ある国に新しいお洋服が大好きなとてもおしゃれな王様がいました。
王様には専属の仕立て屋さんがついており、王様のためにいつも新しいお洋服を用意してくれるのでした。

「さあ、さくらちゃん。こちらが新しいお洋服ですわ〜〜♪♪」
「と、知世ちゃん、これ……ちょっと露出が多すぎない?」
「今回は少しアバンギャルドに攻めてみましたの。さあ、さくらちゃん。さっそくお着替えしましょうか。ささ、こちらへ」
「う、うん……」

う〜〜ん、なんというか新しいお洋服が好きな王様というより、王様に新しいお洋服を着せるのが好きな仕立て屋さんという気がするのですが気のせいでしょうか。
王様がお洋服にばかり気をとられていては国政も進まず、お大臣様も文句の一つも言いにくるところでしょうが、そこは仕立て屋さん。

「おほほほ。お大臣様。今日もいいお天気ですわね」
「ああ仕立て屋さん。本当にいい天気だね」
「お大臣様。今日はお大臣様に是非とも食べていただきたいお菓子がございましてお持ちいたしましたわ」
「お菓子? どんなお菓子なのかなあ」
「うちの実家で特選販売しております『山吹色のもなか』ですわ」
「うわ〜〜『山吹色のもなか』か〜〜。僕、大好物なんだよね。さっそくいただくよ」
「おほほほほ。

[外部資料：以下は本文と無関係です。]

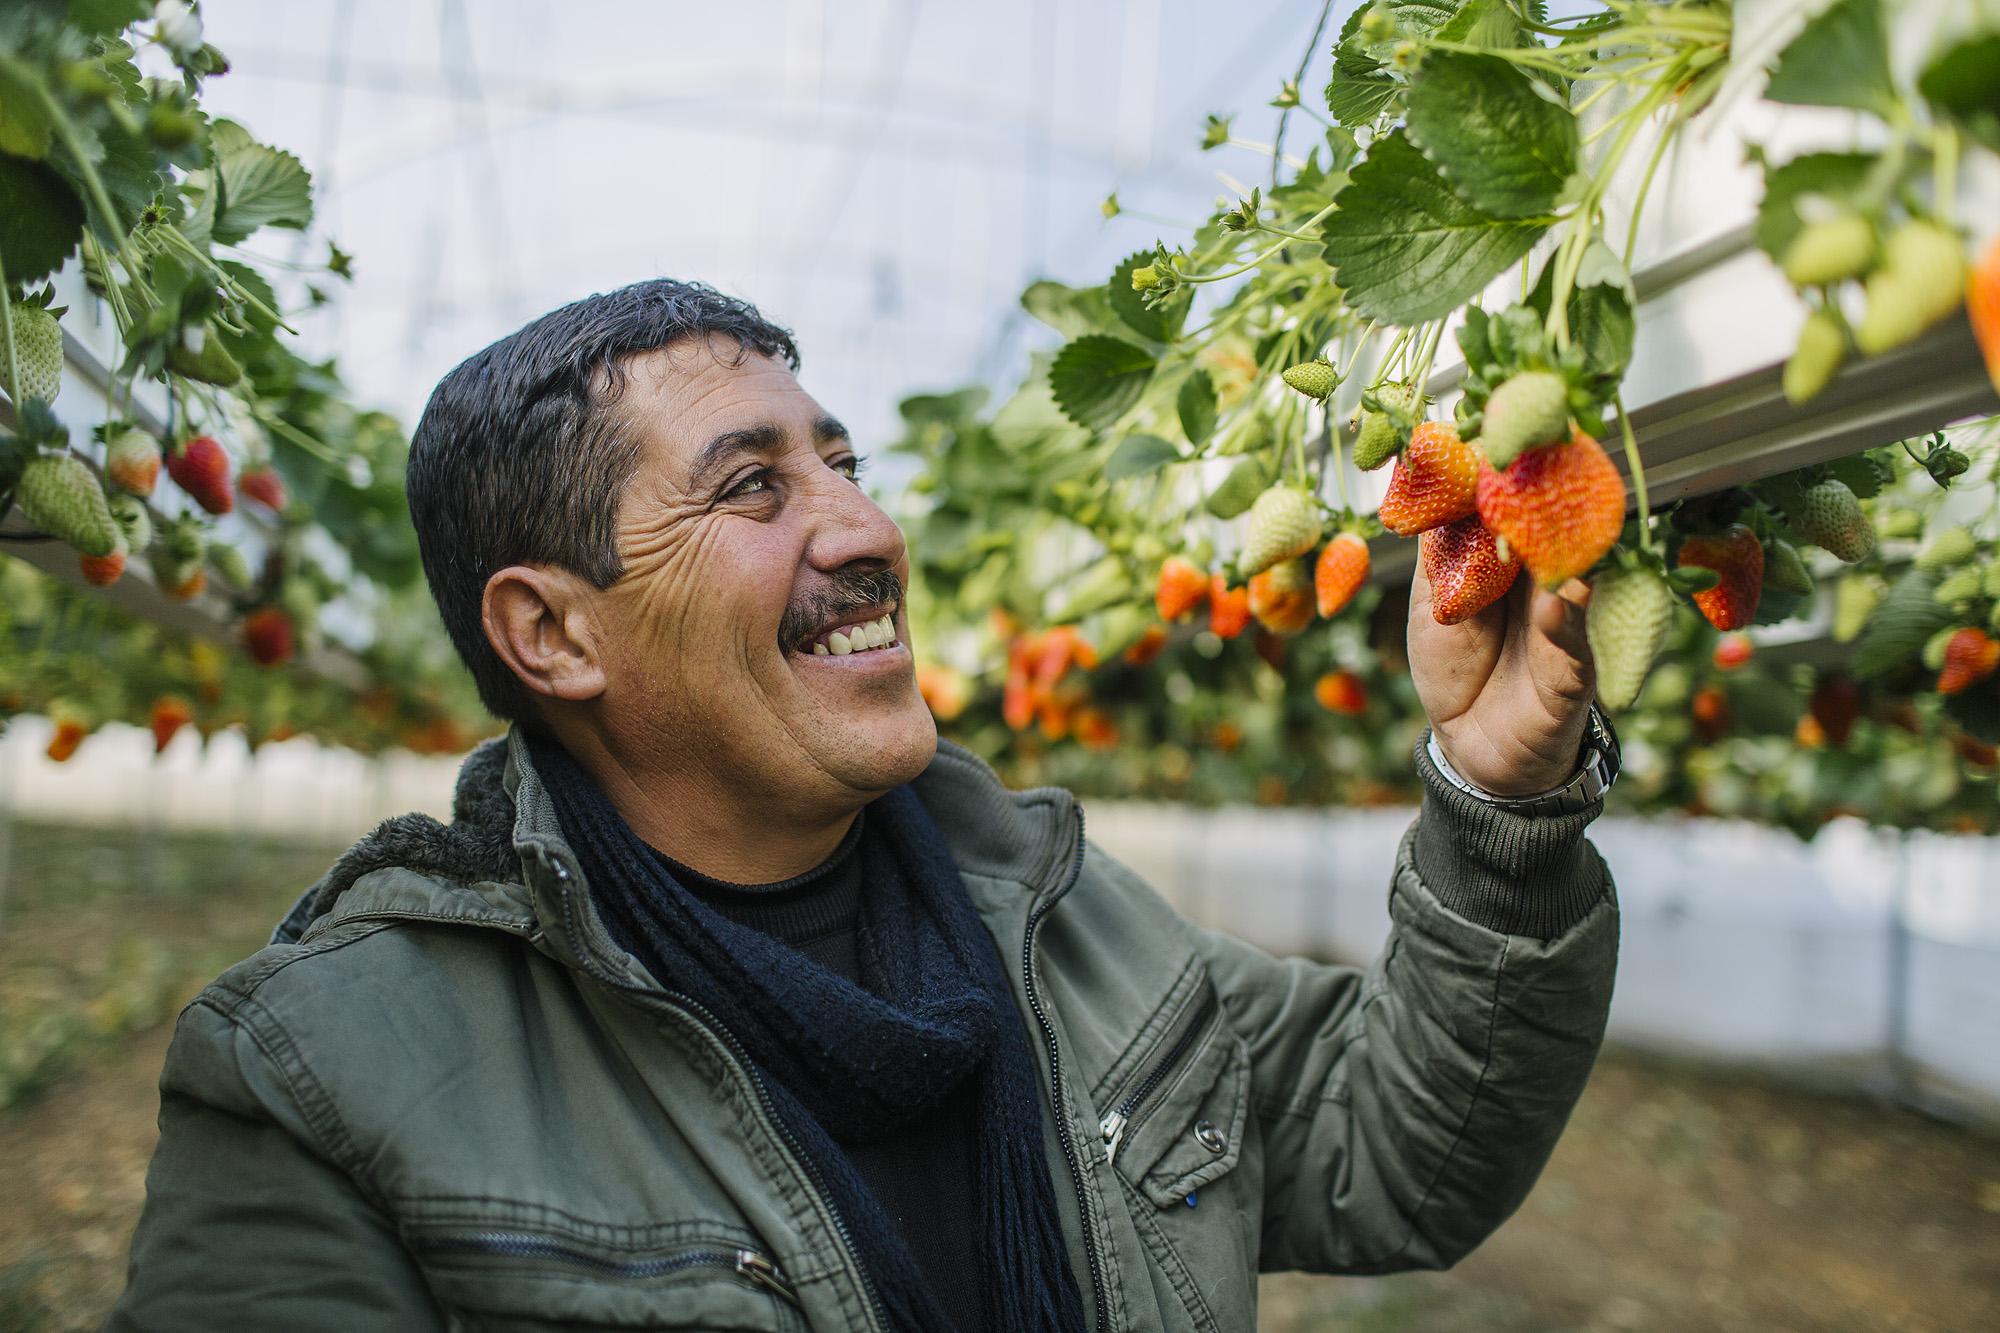 USAID-Israel-Day5-Strawberries-TD4A8112.jpg

存分に召し上がってくださいな」

ぬかりはありません。
銘菓『山吹色のもなか』でお大臣様も篭絡済みです。
それにしてもこの『山吹色のもなか』。
実際に売っているそうですがどんなものでしょうか。
一度食べてみたいものです。
やっぱり一度はあれをやってみたいですよね。

「おぬしも悪よのぅ」

うん、やはり時代劇といえばこれです。
今回は時代劇じゃないですけど。

さて、そんなある日のこと。

「うふふふふ……」
「知世ちゃん、今日はやけにご機嫌だね。なにかいいことでもあったの?」
「はい、王様。実はとっても素晴らしい布地が手に入りましたの。長い間探していた逸品ですわ〜〜」
「素晴らしい布地? でも、知世ちゃんがもってきてくれる布地はいつもとってもキレイだよ。あれよりもすごいの?」
「はい。もう、それはそれは見事な布地ですわ。ですが、それだけではありませんの」
「キレイなだけじゃないって。他になにかあるの?」
「この布地、実は魔法の布地なのです」
「魔法? いったいどんな魔法なの」
「それは……『おバカさんには見えない魔法』なのですわ」
「ほえ? おバカさんには見えない魔法?」
「はい。おバカさんには見えない特別な魔法のかかった布地、それゆえにとても美しい布地なのですわ〜〜」
「な、なんかすごそうな布地だね」
「はい。この布地で最高の一品を仕上げてご覧にいれますわ〜〜。待っていてくださいね、さくらちゃん」
「う、うん……」

特別な布地を手にしてやるき満々の仕立て屋さん。
それに対して王様の方はちょっと不安げに見えるのですが。

(おバカさんには見えない布地って……この間のテストの成績ちょっと悪かったけど……だ、大丈夫! だよね?)

さてさて。
そんなこんなで王様のために特別な布地で特別なお洋服を作り始めた仕立て屋さん。
お城の一室に毎日、こもってトンからりん、トンからりんと忙しそうに働いています。
王様は気が気ではありません。

「ちょ、ちょっとどんな様子か見てきてほしいんだけど」
「はい、かしこまりました」

大臣を仕事場への視察に向かわせます。
しばらくしてから戻ってきた大臣が言うには

「見てまいりました王様」
「どんな様子だった?」
「はい。それはもう実に素晴らしい布地です。まさにこの世のものとは思えません」
「そ、そう。それは楽しみだなあ」

なにやらすごいものが作られているようです。
その報告を聞いた王様は期待半分、不安半分といった感じで少し落ち着きがないようですね。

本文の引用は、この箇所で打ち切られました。